Protocol

Statistical modelling of determinants of child stunting using secondary data and Bayesian networks: a UKRI Global Challenges Research Fund (GCRF) Action Against Stunting Hub protocol paper

Abstract

Introduction Several factors have been implicated in child stunting, but the precise determinants, mechanisms of action and causal pathways remain poorly understood. The objective of this study is to explore causal relationships between the various determinants of child stunting.

Methods and analysis The study will use data compiled from national health surveys in India, Indonesia and Senegal, and reviews of published evidence on determinants of child stunting. The data will be analysed using a causal Bayesian network (BN)—an approach suitable for modelling interdependent networks of causal relationships. The model’s structure will be defined in a directed acyclic graph and illustrate causal relationship between the variables (determinants) and outcome (child stunting). Conditional probability distributions will be generated to show the strength of direct causality between variables and outcome. BN will provide evidence of the causal role of the various determinants of child stunning, identify evidence gaps and support in-depth interrogation of the evidence base. Furthermore, the method will support integration of expert opinion/assumptions, allowing for inclusion of the many factors implicated in child stunting. The development of the BN model and its outputs will represent an ideal opportunity for transdisciplinary research on the determinants of stunting.

Ethics and dissemination Not applicable/no human participants included.

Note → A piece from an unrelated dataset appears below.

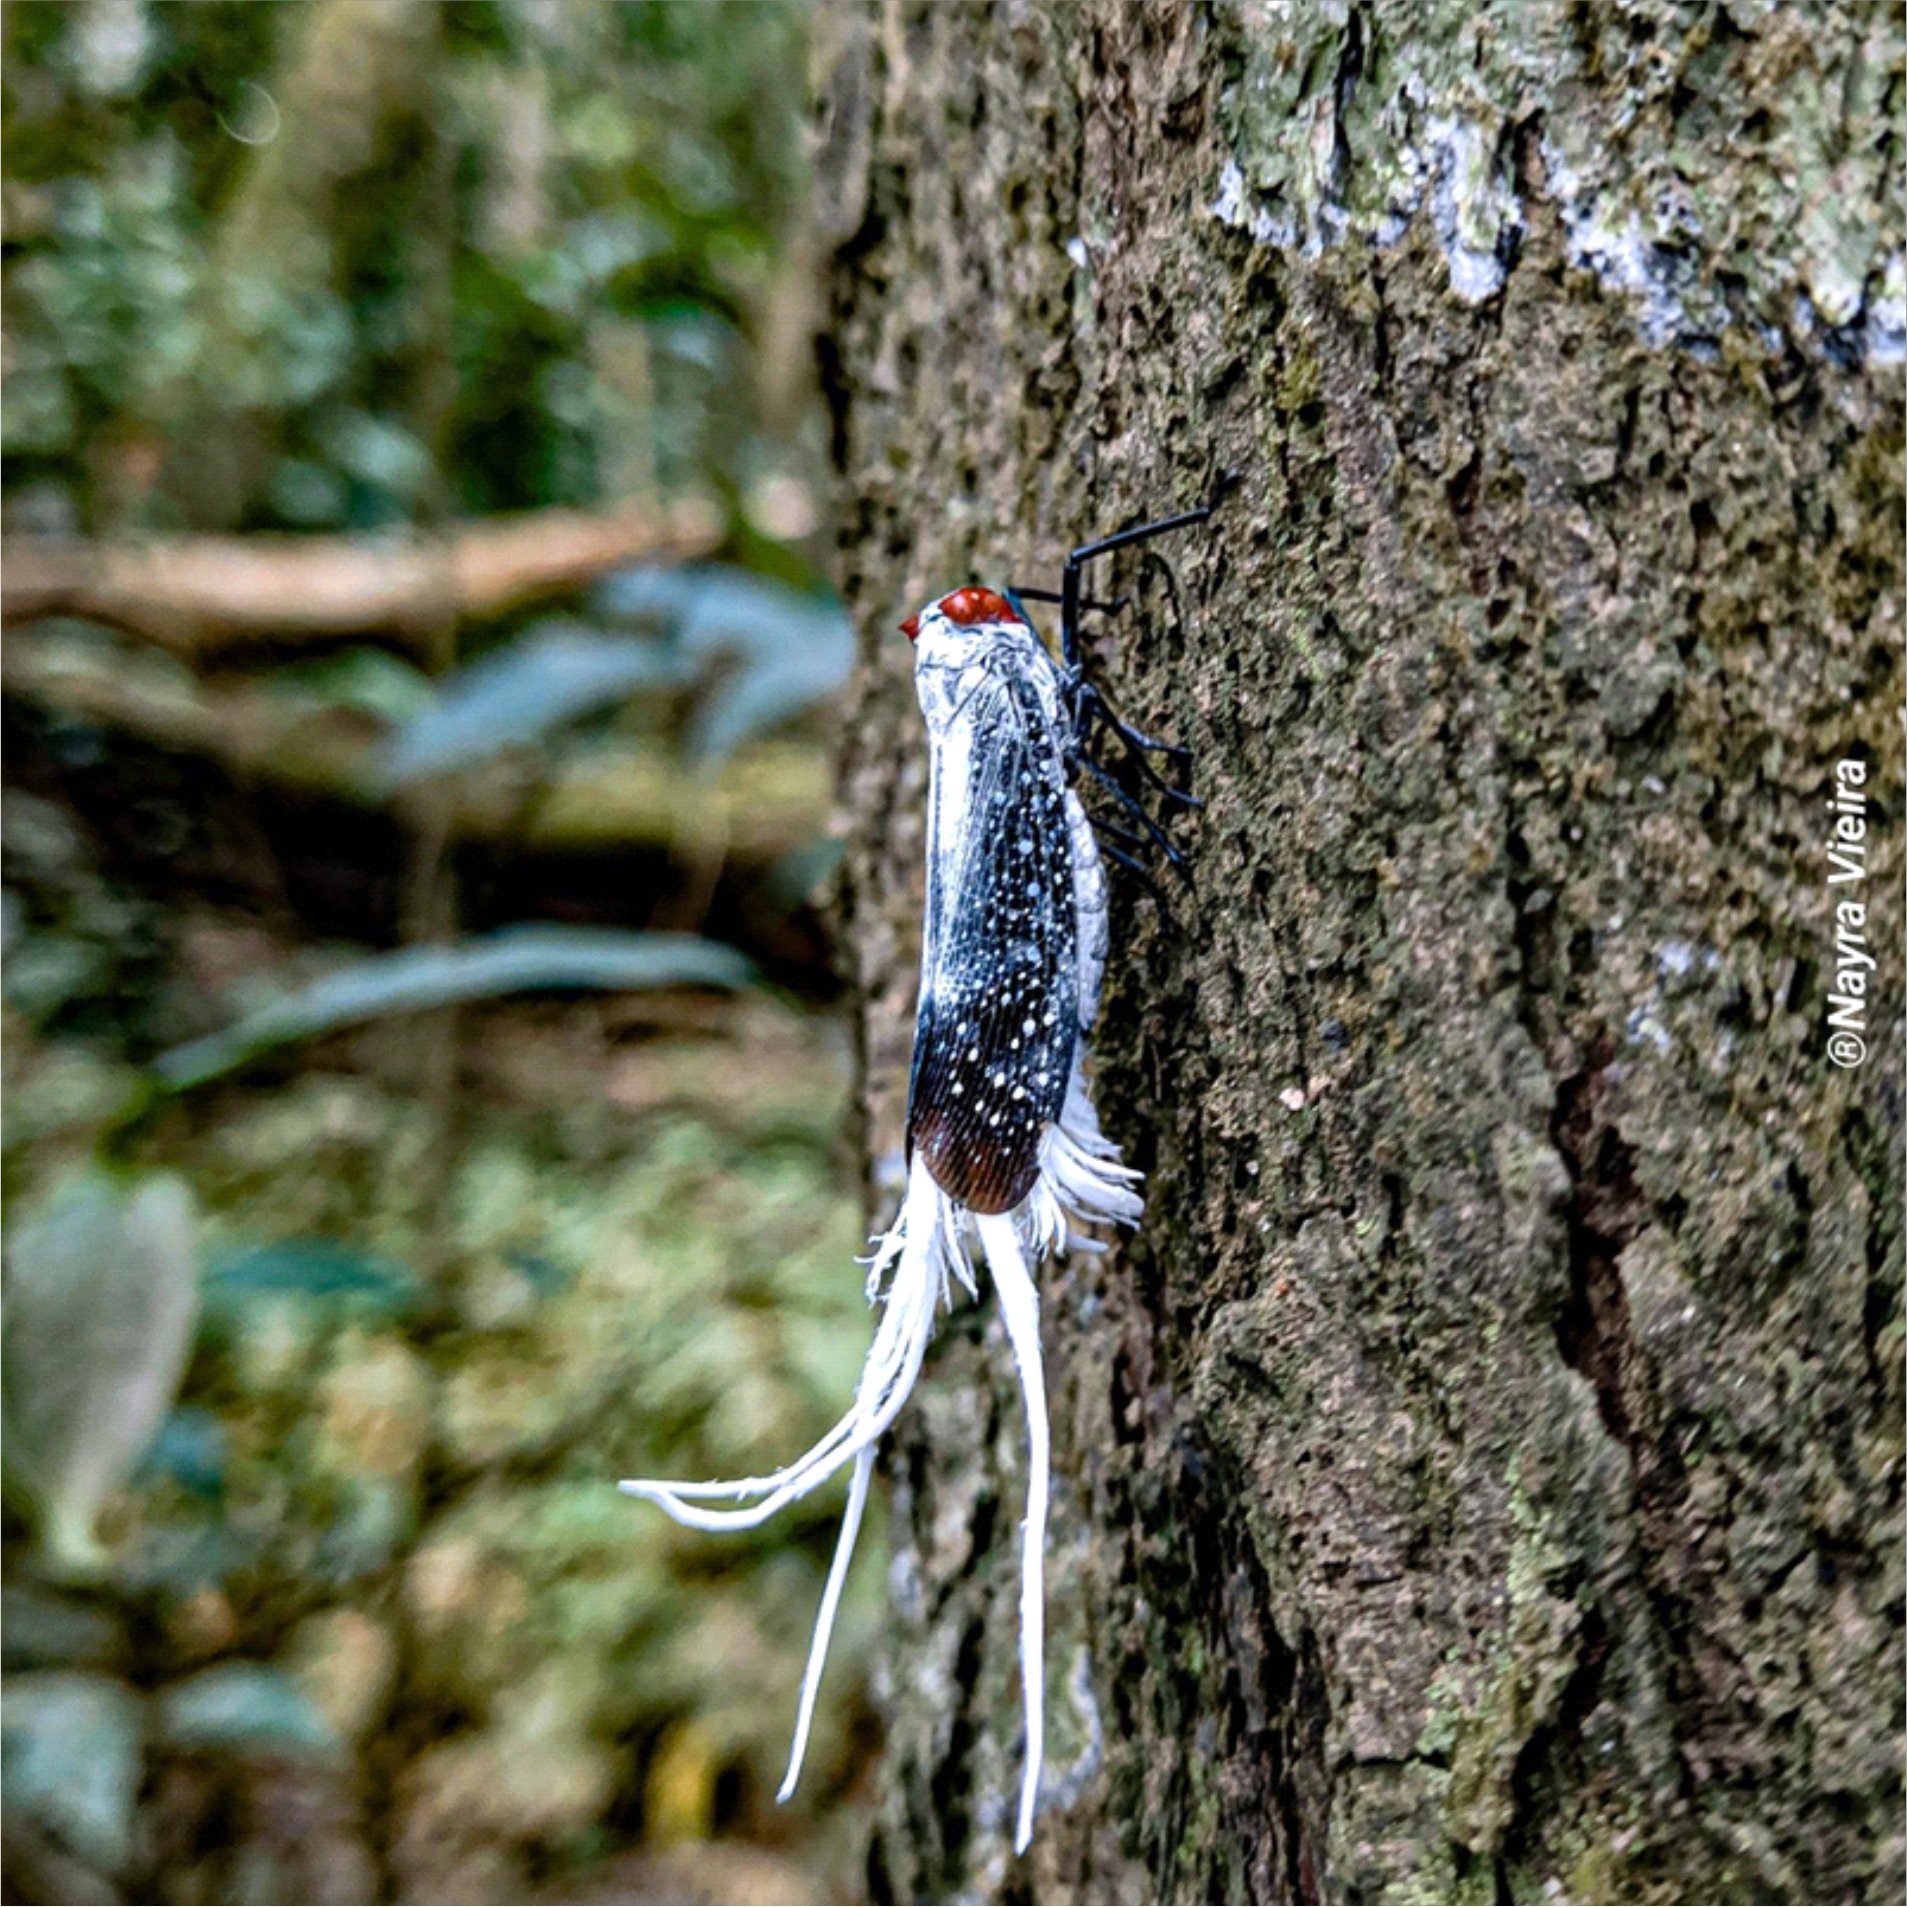 Lystra lanata (cigarra-rabo-de-galo) se alimentando da seiva da árvore Simarouba amara (marupá), árvore comum da região amazônica. | Autora: Nayra Quetlen Avinte Vieira

What is already known on this topic

  • The risk factors for child stunting include concerns ranging from inadequate nutrition to epigenetics, environment, gut health, climate change and more.

  • Child stunting presents itself from the complex interactions of many risk factors together.

  • The importance of specific risk factors for child stunting is subject to local conditions complicating actions against stunting.

What this study adds

  • A probabilistic approach to modelling child stunting that reflects current understanding of the risk factors and how they interact.

  • Identification of key determinants of child stunting with examples of how they vary across locations with high prevalence.

  • Information on data gaps needed to reduce the uncertainty around the determinants of child stunting and their interaction.

How this study might affect research, practice or policy

  • The directed acyclic graph may illuminate hidden relationships and biases among interacting factors, spurring interdisciplinary investigations.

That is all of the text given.